The set names will be recorded in the final results, so unique and descriptive names are important. If the >set_name is missing, the gene set will receive a name containing a random number. The positive gene set can also be selected from the Prepared Gene Sets positive set drop down boxes. This will supercede the above text boxes if used.

Universe:

If no universe set is entered or selected, the set of ~15,000 genes from the full gene model will be used. One can enter their own universe set in the second text box using the same format as above. The universe text box does not process multiple sets.

>Universe
ENSTGUG00000002867
ENSTGUG00000008898
ENSTGUG00000002139
ENSTGUG00000003100

In the Prepared Gene Sets universe set, the "ens" gene set is a set of > 9000 genes that was provided to us by the Jarvis lab that we believe to be all of the ENSEMBL gene models that have representation on their microarray. The "universe" set is the concatenation of their other set clusters. Again, this drop down list will supercede the other default and entered sets, if used.

Motif Set:

Genome wide scans have been completed on multiple sets of motifs. The available sets are from the JASPAR and TRANSFAC databases.
"all_jaspar" is a set containing 104 motifs
"hstransfac_selected" is a set containing 25 motifs
"hstransfac_selected.2" is a set containing 23 motifs
"fox_p2" only contains the FOX_P2 motif

Method:

There are four available motif scanning methods. There are three HMM-based scoring techniques extended from the Stubb method. The basic idea behind Stubb is to score a fixed-length (500 bp) window for presence of one or more, weak or strong, matches to the motif. It has been demonstrated that scoring short "regions" rather than individual sites, better mirrors the thermodynamic nature of the protein-DNA interaction and adds statistical power. The three HMM-based methods are "stubb_fixed", "swan", "swan_wt0".

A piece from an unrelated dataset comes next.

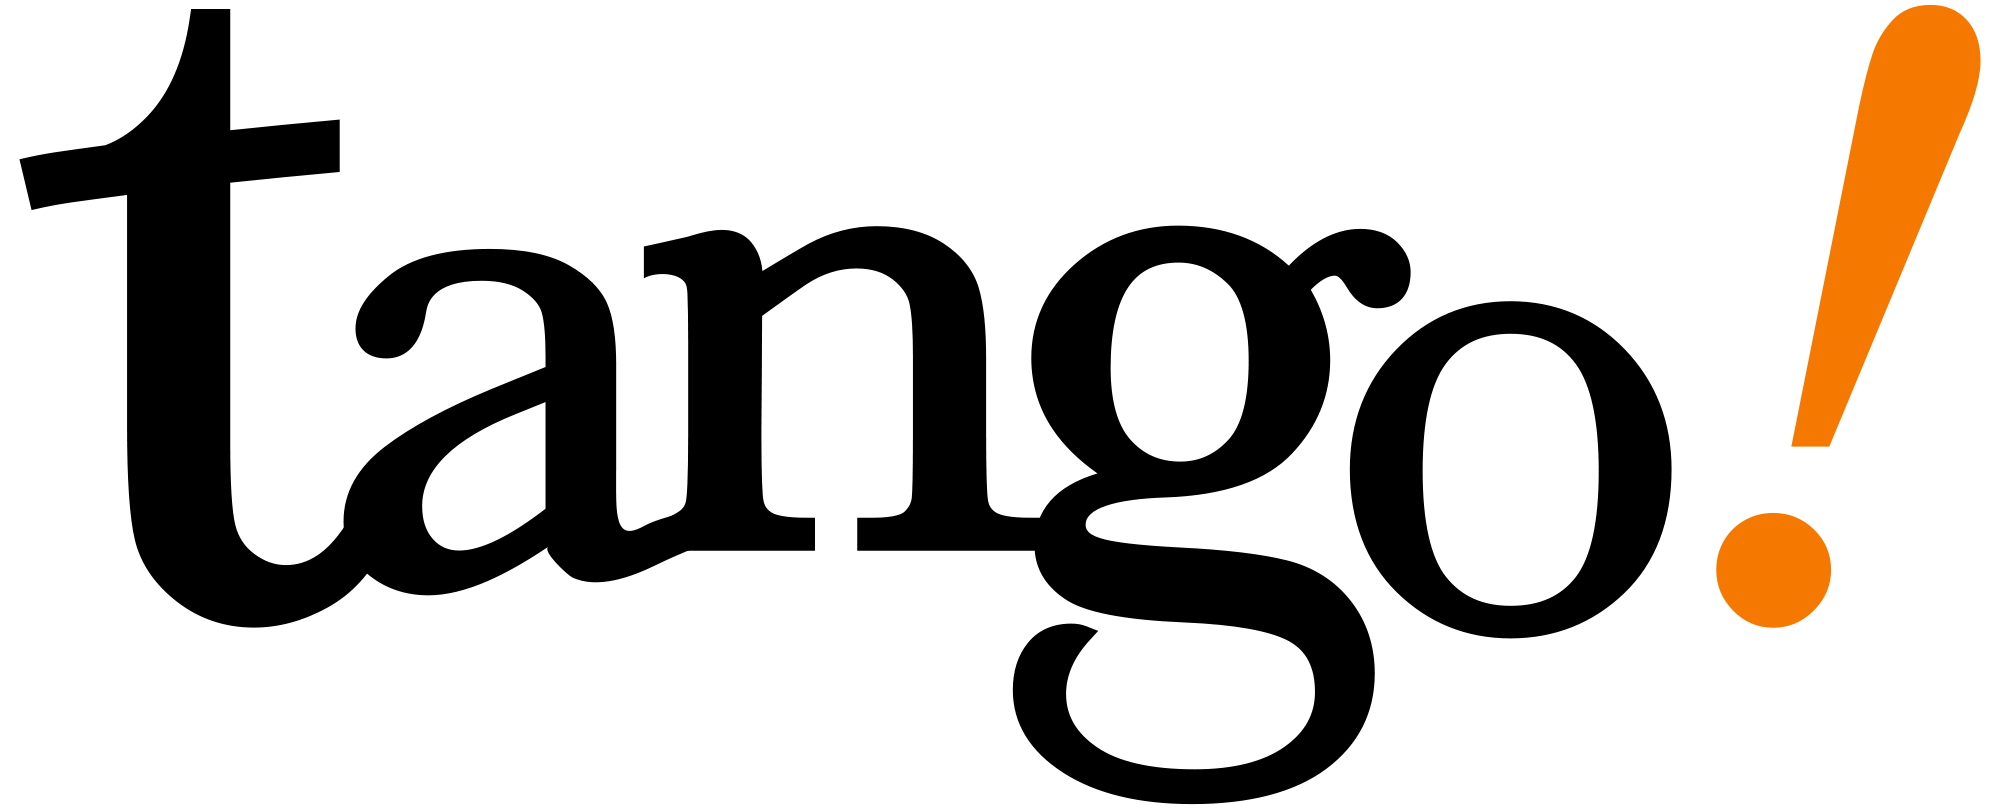 Tango chat logo

The remaining method is the more traditional site log likelihood ratio method, that finds individual binding sites genome-wide, typically by requiring a very strong match to the motif. This method is labeled "sllr".

Content:

When converting a window score to an empirical p-value for a particular method, it will either be by comparing it to scores of all windows in the genome ("all") or by comparing it to scores of windows of similar G/C content ("gc").

Region:

There are several options to map windows to their neighboring genes.
1) All windows are mapped to the nearest gene start site ("nearest").
2) After mapping genes to the nearest gene start site, the window must fall within the 5Kbp upstream or be discarded ("5up").
3) After mapping genes to the nearest gene start site, the window must fall within the 5Kbp upstream or 2Kbp downstream of the start site or be discarded ("5up2down").
4) All windows are assigned to appropriate gene territories where a gene territory is defined as (i) include the 5 Kbp upstream region, (ii) include the entire gene itself, (iii) include the region upstream of the gene until half the distance to the next gene, (iv) include the region downstream of the gene until half the distance to the next gene. Note that gene territories of neighboring genes may overlap, if their 5 Kbp upstream regions overlap ("territory").

Threshold:

The top scoring windows and their respective genes are collected until there are X distinct genes that have been designated as the motif's target genes. This amount is calculated from the top 1% of all windows.